FM에 대한 설명은https://datapractice0815.tistory.com/208이곳에서 확인해주세요.

 

 

우선 리소스 문제로인하여 1/100 이로 샘플링 하여 데이터를 사용하겠습니다.

# sample_df = total.sample(frac=0.01, random_state=42)
# sample_df.to_csv('sample_df.csv')
# 리소스 문제로 total data를 1/100로 샘플링

FILES_DIR = './files/'
sample = pd.read_csv(FILES_DIR + 'sample_df.csv')

 

분석과정에서 나온 데이터들을 전처리하겠습니다.

# binary로 문제를 풀어볼거여서 구매 말고는 -1로
sample_df['rating'] = sample_df['event_name']
re_name = {'rating' : {'click_item':-1, 'like_item':-1, 'add_to_cart':-1, 'purchase_success':1}}
sample_df = sample_df.replace(re_name)
####################################
####################################
sample_df = sample_df[sample_df['gender'] != 'un_gender']
####################################
####################################
sample_df.loc[sample_df['age'] <= 17, 'age(Group)'] = '00 ~ 17'

sample_df.loc[(sample_df['age'] >= 18) &\
               (sample_df['age'] <= 24), 'age(Group)'] = '18 ~ 24'

sample_df.loc[(sample_df['age'] >= 25) &\
               (sample_df['age'] <= 35), 'age(Group)'] = '25 ~ 35'

sample_df.loc[(sample_df['age'] >= 36) &\
               (sample_df['age'] <= 44), 'age(Group)'] = '36 ~ 44'

sample_df.loc[(sample_df['age'] >= 45) &\
               (sample_df['age'] <= 54), 'age(Group)'] = '45 ~ 54'

sample_df.loc[sample_df['age'] >= 55, 'age(Group)'] = '55 ~ 99'
####################################
####################################
sample_df['event_timestamp'] = pd.to_datetime(sample_df['event_timestamp'])
sample_df['event_timestamp(weekday)'] = sample_df['event_timestamp'].dt.day_name()

 

우선 기존 데이터에서 필요한 컬럼만 추출하여 사용하겠습니다.

# 필요한 컬럼만 추출
col_list_1 = ['event_name', 'user_no', 'item_no', 'country', 'region', 'platform', 
'event_timestamp_month', 'event_timestamp_day', 'event_timestamp_hour',
'category1_name', 'category2_name', 'gender', 'age', 'age(Group)', 'event_timestamp(weekday)']

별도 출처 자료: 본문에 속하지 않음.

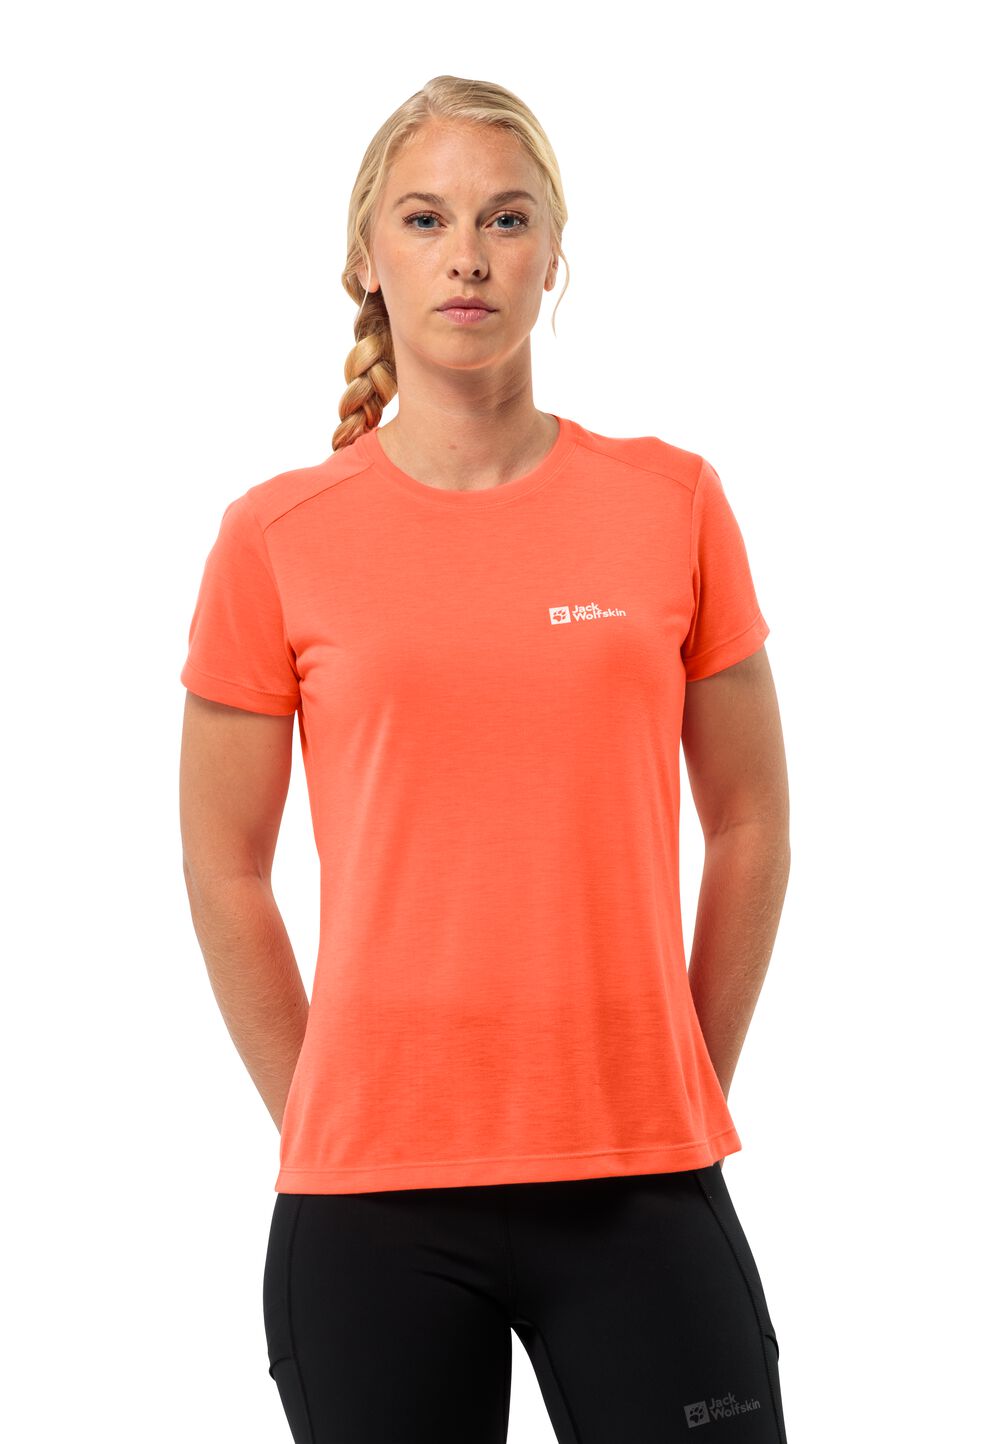 Jack Wolfskin Vonnan S S T-Shirt Women Functioneel shirt Dames M rood digital orange

raw_data_1 = sample_df[col_list_1]

 

X와 y데이터를 만들겠습니다.

X_data = pd.get_dummies(raw_data_1, columns=col_list_1)
y_data = sample_df['rating']

 

X데이터를 csr_matrix로 만들어 주겠습니다.

csr_matrix 자세한 설명은 https://rfriend.tistory.com/551 참고해주세요

import scipy
X_sparse = scipy.sparse.csr_matrix(X_data.values)

 

 

Model Equation

 

Pairwise Interaction to be computed

- Linear Complexity

 

로스를 정의하는 부분입니다.

negative likelihood 이며 binary classification할때 사용하는 것입니다.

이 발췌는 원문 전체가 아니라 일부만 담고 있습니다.